I suppose this love goes back to my father, since before I could speak, my father had decided that I should be a writer. After going through his things when he died, I discovered he had many snatches of writings that trailed off unfinished, more than likely because he had to put food on the table through very difficult times. Yet. his support of my journalistic career was a gentle nudge along the path he would have liked to follow. Journalism seemed to flow through me like an elixir. After printing my own publications, I was named editor for our newspaper in Junior High and graduated to the offset printing process, but had to prepare copy and dummies for the printer just like the big boys. In High School I started as the sports writer, then editor, and then went on to be the editor-in chief of the newspaper and the yearbook. One additional perk came with my high school profession as an editor: I learned to be a printer. I ran the high school print shop which boasted a hand-fed printer in which a roller went over an ink platen and then inked the hard handset type that was locked into a frame. One could use all kinds of paper stock, and I loved to print greeting cards, especially Christmas cards. Operating the printer required a bit of courage and dexterity since the paper had to be manually placed in the right position instantly and the hand withdrawn before the inked type frame slammed down on the paper.

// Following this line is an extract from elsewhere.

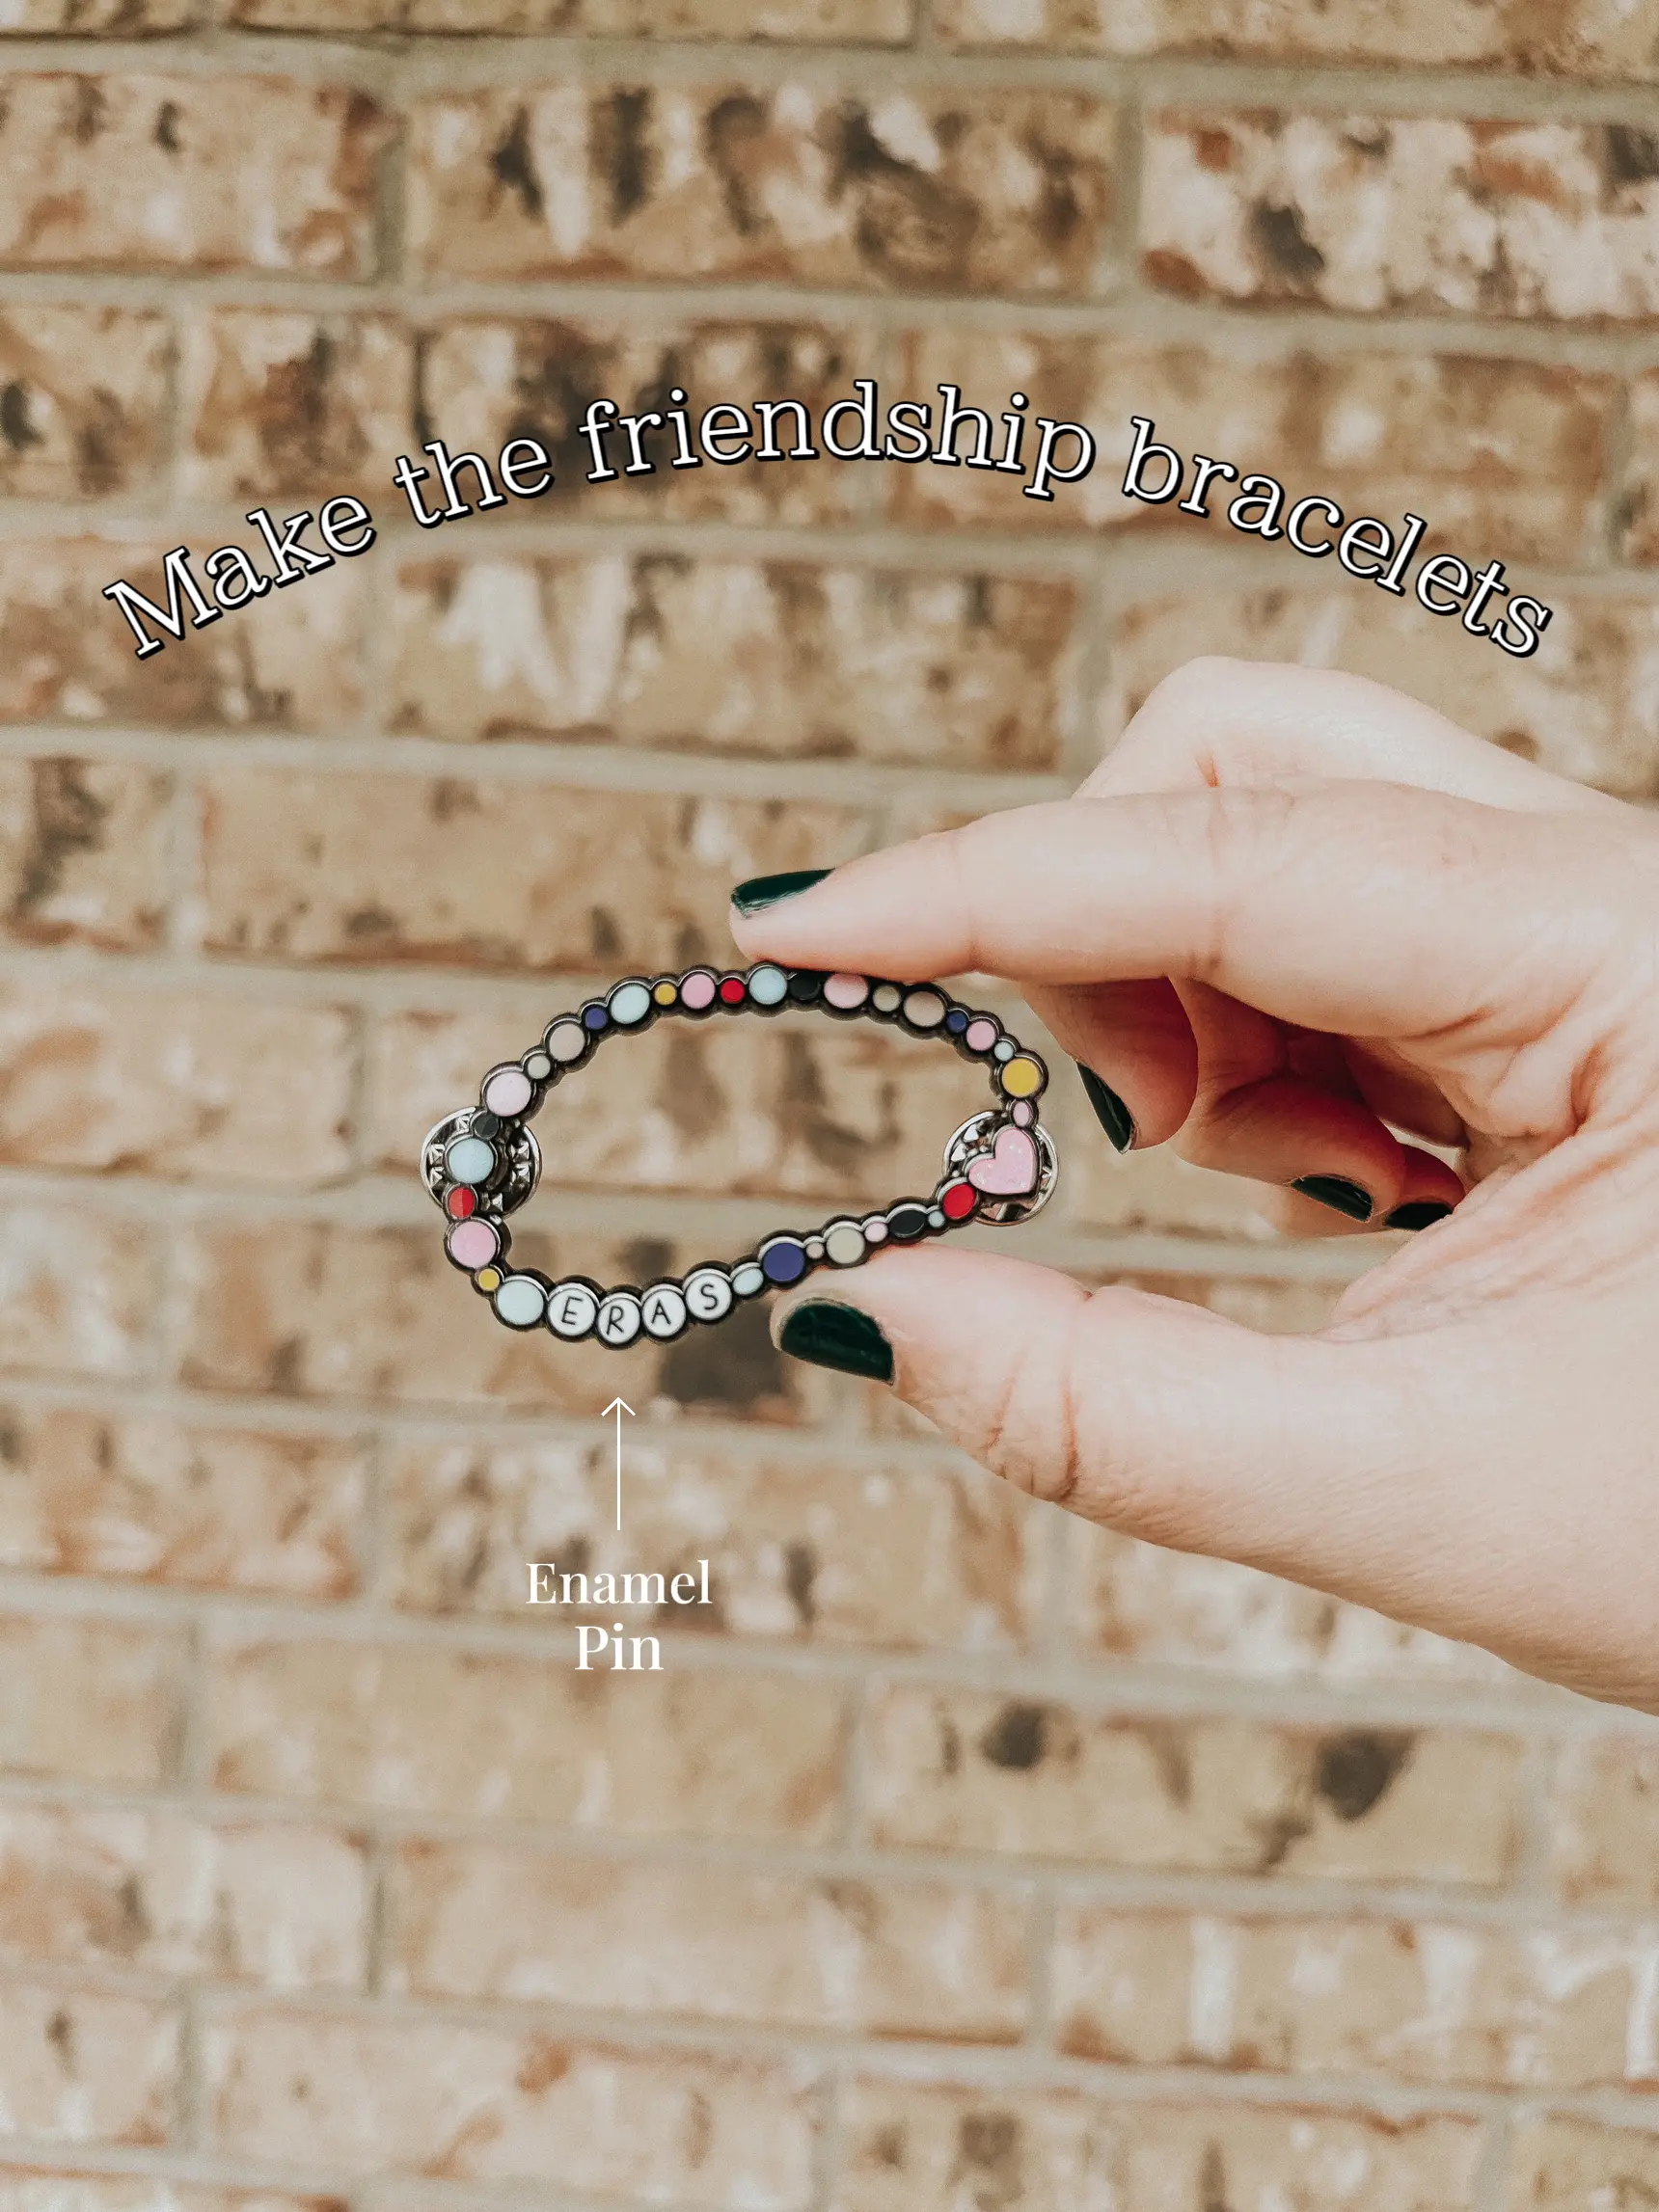 Pin on Friendship Bracelets

All during that time, I was composing music and shows, and the lure of music was just too great and won out in college, even though I had won the Columbia University Award for excellence in journalism and editorial writing while in high school.

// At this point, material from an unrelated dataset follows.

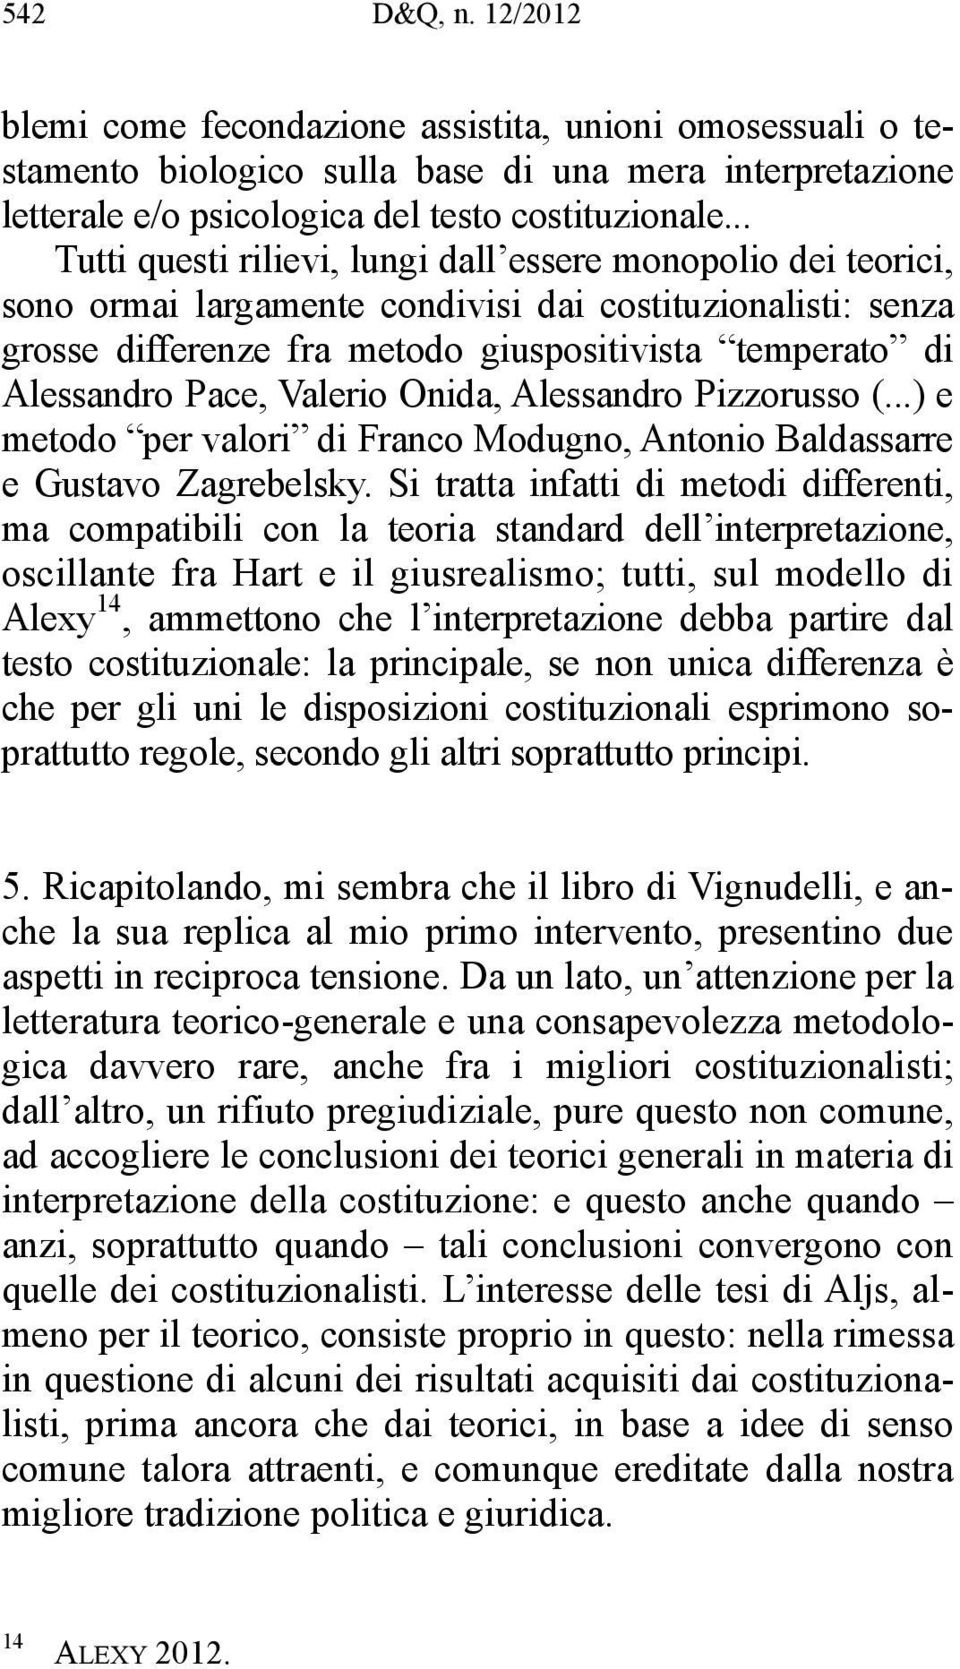 Pace, Valerio Onida, Alessandro Pizzorusso (...) e metodo per valori di Franco Modugno, Antonio Baldassarre e Gustavo Zagrebelsky.

Throughout it all, my father kept insisting that one day I would return to the written word. In many ways, I never left it. I have continued to write poetry throughout my life. But suddenly I have discovered fiction. Something happens to the brain when you read fiction, and it is more than just the mind creating imagery from the prose. It is difficult to explain, but for me it is positively electric. It also underscores an idea my Father instilled in me...that the laboratory for writers is life itself...nothing is trivial...everything has meaning and will emerge in your story, which in some ways is the narrative of yourself reconstructed from your personal journey.